When this pipeline runs, it retrieves a single datum from the input specification. The job runs the single datum, downloading all the files from the images@master into the Docker container, and performs the transform. The result is then committed to the output data repository.

Datum diagram glob

Advanced Glob Patterns #

Datums can also be created from advanced operations, such as Join, Cross, Group, Union, and others to combine glob patterns from multiple data repositories. This allows us to create complex datum definitions, enabling sophisticated data processing pipelines.

Pipeline Communication (Advanced) #

A much more detailed look at how HPE ML Data Management actually triggers pipelines is shown in the sequence diagram below. This is a much more advanced level of detail, but knowing how the different pieces of the platform interact can be useful.
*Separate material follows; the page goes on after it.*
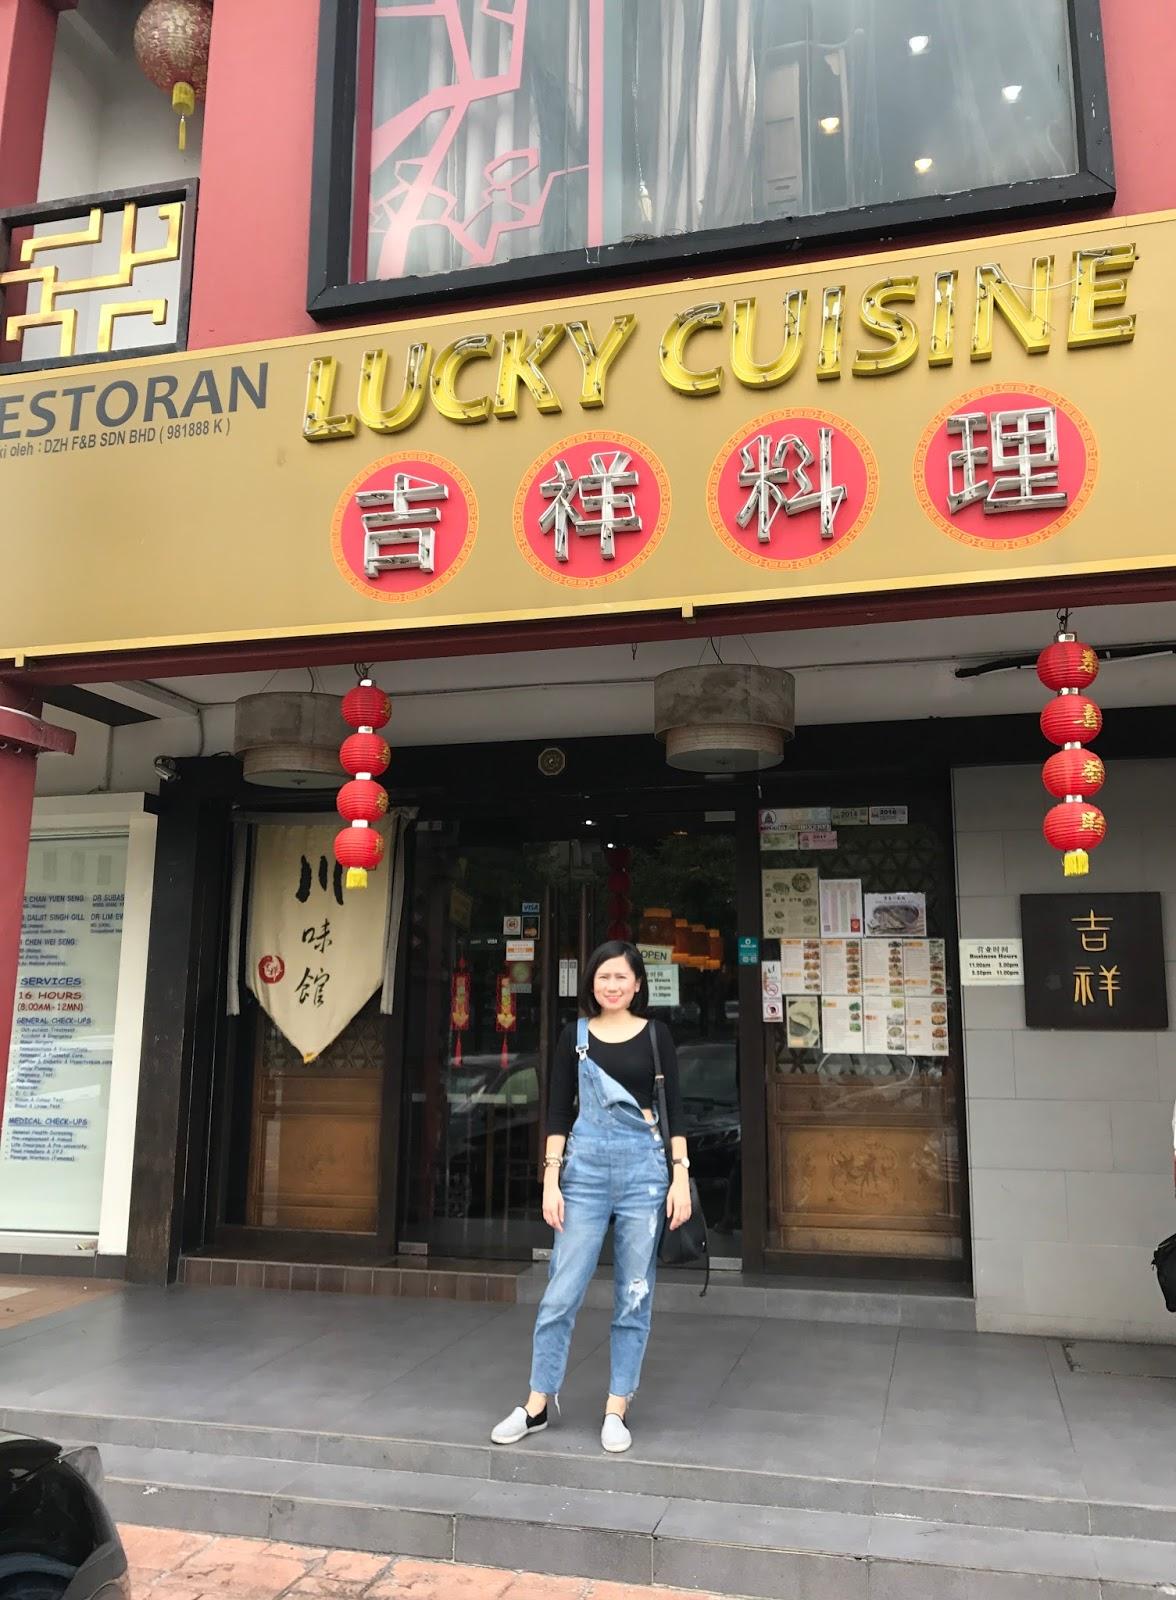 Lucky Cuisine Restaurant 吉祥四川菜馆 Lunch Set @ Kota Damansara
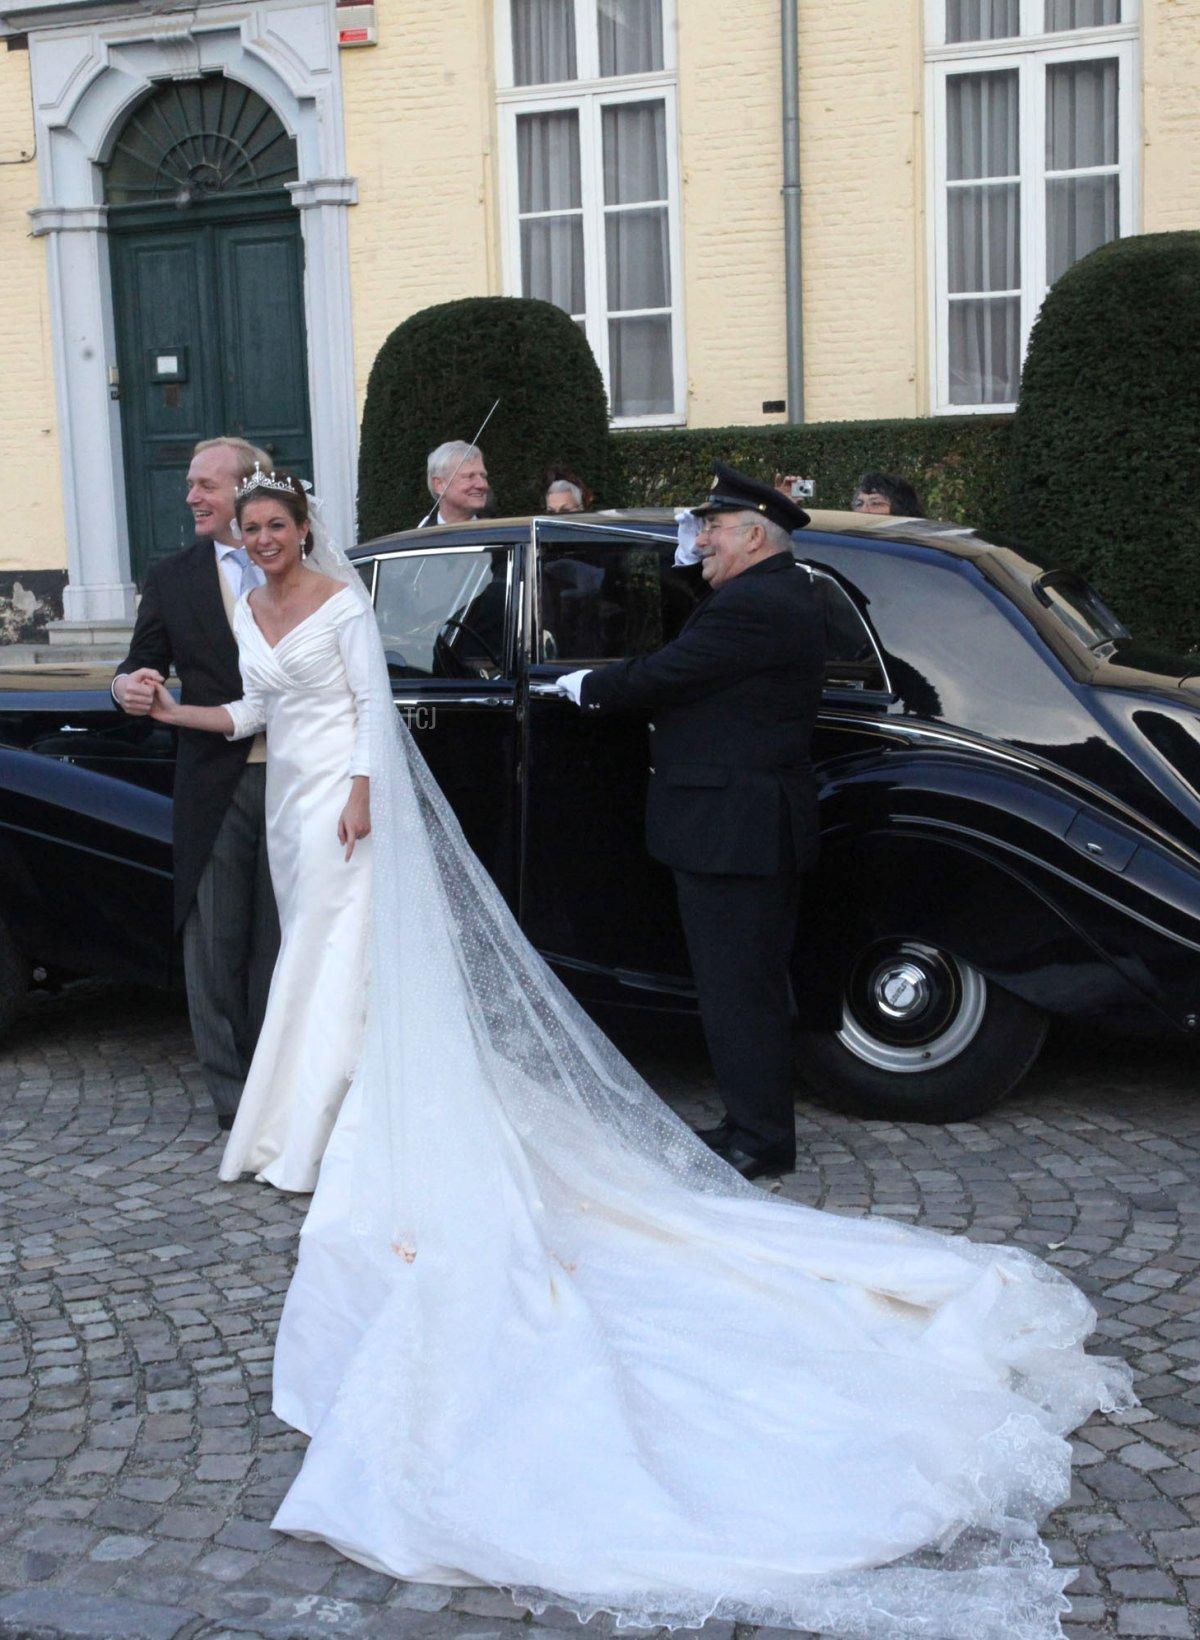 Annemarie Gualtherie van Weezel and Prince Carlos de Bourbon de Parme's royal wedding in Brussels, November 2010

Before we look at the diagram, it may be helpful to provide a brief recap of the main participants involved:

   participant User
   participant PPS
   participant PFS
   participant Worker
   User->>PFS: pachctl create repo foo
   activate PFS
   Note over PFS: create branch foo@master
   deactivate PFS
   User->>PPS: pachctl create pipeline bar
   activate PPS
   PPS->>PFS: create branch bar@master <br> (provenant on foo@master)
   PPS->>Worker: create pipeline worker master
   Worker->>PFS: subscribe to bar@master <br> (because it's subvenant on foo@master)
   deactivate PPS
   User->>PFS: pachctl put file -f foo@master data.txt
   activate PFS
   Note over PFS: start commit
   PFS->>PFS: propagate commit <br> (start downstream commits)
   Note over PFS: copy data.txt to open commit
   Note over PFS: finish commit
   PFS-->>Worker: subscribed commit returns
   deactivate PFS

   Note over Worker: Pipeline Triggered
   activate Worker
   Worker->>PPS: Create job
   Worker->>PFS: request datums for commit
   PFS-->>Worker: Datum list
   loop Each datum
       PFS->>Worker: download datum
       Note over Worker: Process datum with user code
       Worker->>PFS: copy data to open output commit
   Worker->>PFS: Finish commit
   Worker->>PPS: Finish job
   deactivate Worker

This diagram illustrates the data flow and interaction between the user, the HPE ML Data Management Pipeline System (PPS), the HPE ML Data Management File System (PFS), and a worker node when creating and running a HPE ML Data Management pipeline. Note, this is simplified for the single worker case. The multi-worker and autoscaling mechanisms are more complex.

The sequence of events begins with the user creating a PFS repo called foo and a PPS pipeline called bar with the foo repo as its input. When the pipeline is created, PPS creates a branch called bar@master, which is provenant on the foo@master branch in PFS. A worker pod is then created in the Kubernetes cluster by PPS, which subscribes to the bar@master branch.

When the user puts a file named data.txt into the foo@master branch, PFS starts a new commit and propagates the commit, opening downstream commits for anything impacted. The worker receives the subscribed commit and when it finishes, triggers the pipeline.

The triggered pipeline creates a job for the pipeline, requesting datums for the output commit. For each datum, the worker downloads the data, processes it with the user’s code, and writes the output to an open output commit in PFS. Once all datums have been processed, the worker finishes the output commit and the job is marked as complete.